ANOTHER 2,000 officers will be added to the Home Team in the next five years to ensure that it has enough muscle to keep Singapore safe, Deputy Prime Minister and Minister for Home Affairs Teo Chee Hean said yesterday.

Still, this is a slower pace of recruitment compared with the last decade, when 5,400 officers were brought in, boosting the Home Team from about 19,300 officers in 2004 to 24,700 last year.

The 2,000 to be added include uniformed and non-uniformed officers for the police and civil defence forces, the Immigration and Checkpoints Authority, Central Narcotics Bureau and Prisons.

"There are natural limits to how much we can grow the Home Team, given the smaller cohorts of young Singaporeans entering the workforce each year," Mr Teo told Parliament during the debate on his ministry's budget. "We will partially address this issue by re- employing more of our officers."

The retirement age for uniformed junior officers was raised to 55 in 2013, matching that of senior officers. Both may be given extensions to work until 60. The ministry plans to further leverage technology and involve the public to help alleviate manpower issues.

But Mr Teo assured the House that the Special Operations Command (SOC) will get the manpower it needs to respond effectively to large-scale incidents.

In the wake of the 2013 Little India riot, Singapore's worst public disorder incident in 40 years, then police commissioner Ng Joo Hee told a Committee of Inquiry he would need 1,000 more police officers.
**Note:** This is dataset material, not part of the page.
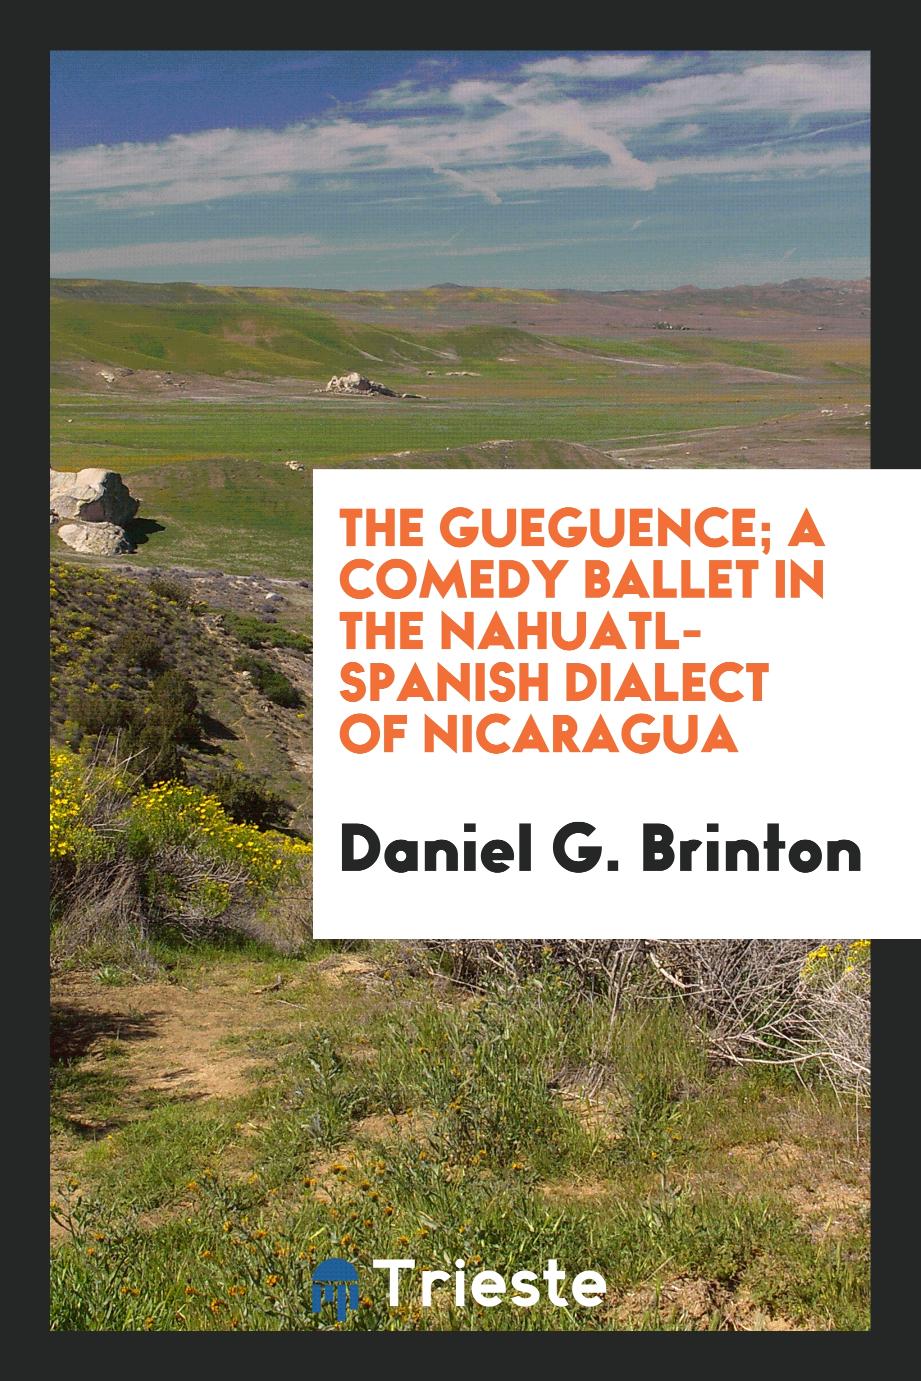 The Gueguence; a comedy ballet in the Nahuatl-Spanish dialect of Nicaragua
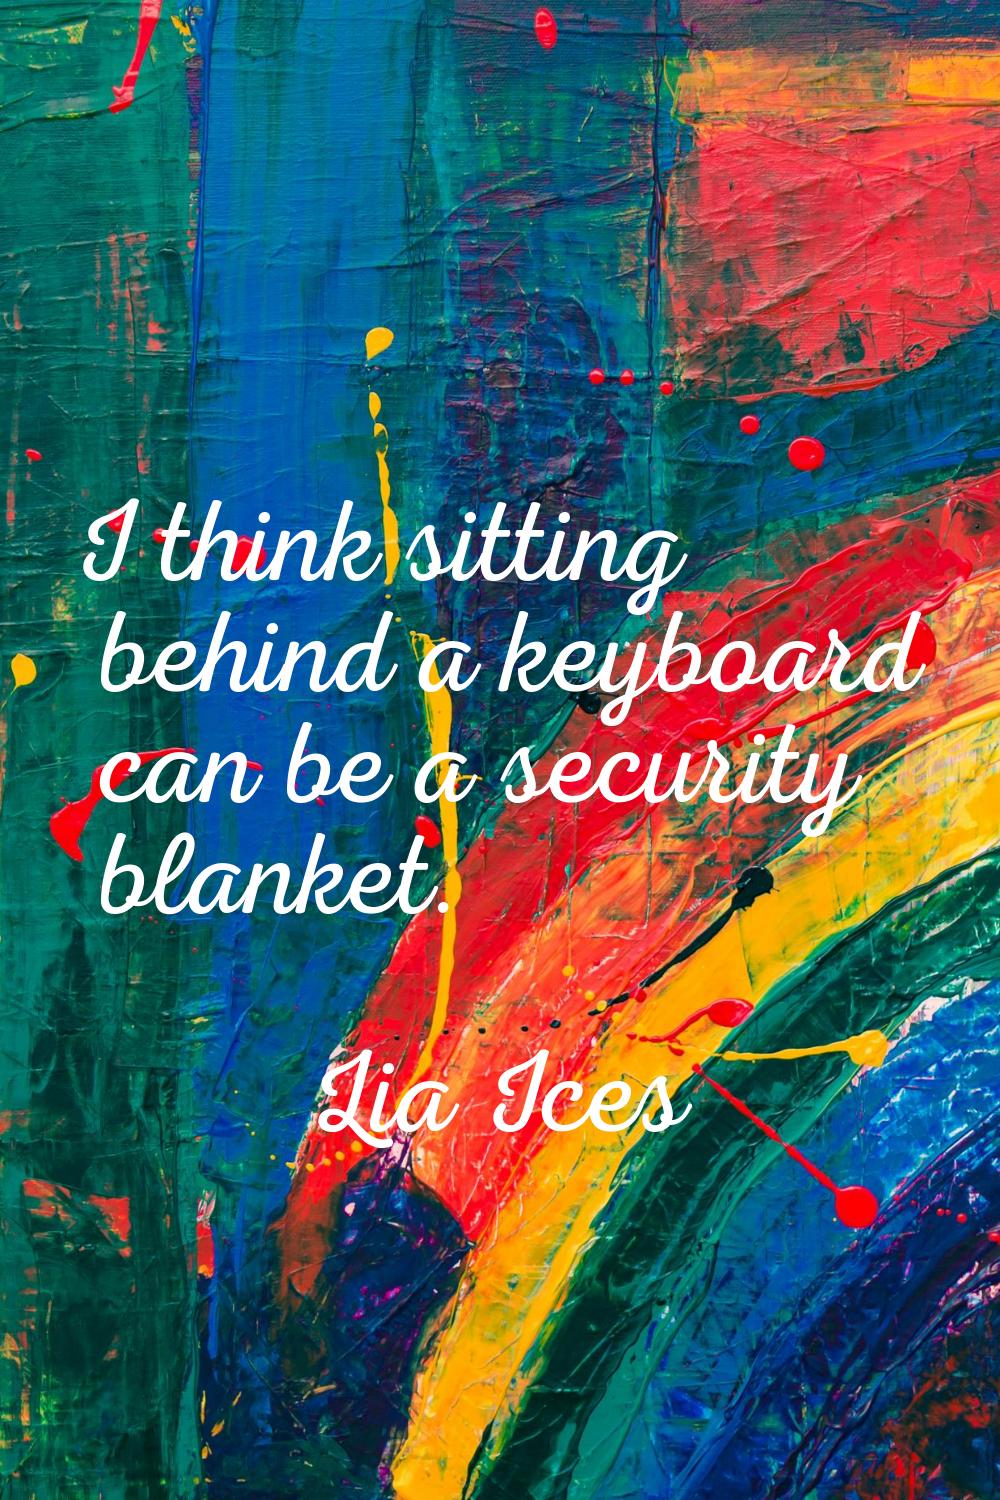 I think sitting behind a keyboard can be a security blanket.

This would let him deploy more men to the SOC.

Mr Teo said yesterday the SOC is on track to add 300 officers by 2017, and aims to recruit 150 officers by the year end. "This involves selecting very good people, making sure that they are well trained and properly equipped. So, it takes a bit of time."

'Stay united' should terror acts occur
DPM Teo: Home Team will build up capability to react to threats swiftly
By Nur Asyiqin Mohamad Salleh, The Straits Times, 7 Mar 2015

IN SPITE of Singapore's best efforts to guard against the terror threat, it is not possible to ensure an attack will never happen here, Deputy Prime Minister and Minister for Home Affairs Teo Chee Hean told Parliament yesterday.

Singaporeans therefore have to be ready to stand united as a community, and maintain social cohesion and harmony in the aftermath of an incident, he said.

On its part, the Home Team will continue to deter and deal with terrorism by securing Singapore's borders, strengthening infrastructure and building up its capability to respond to threats swiftly and effectively, he added.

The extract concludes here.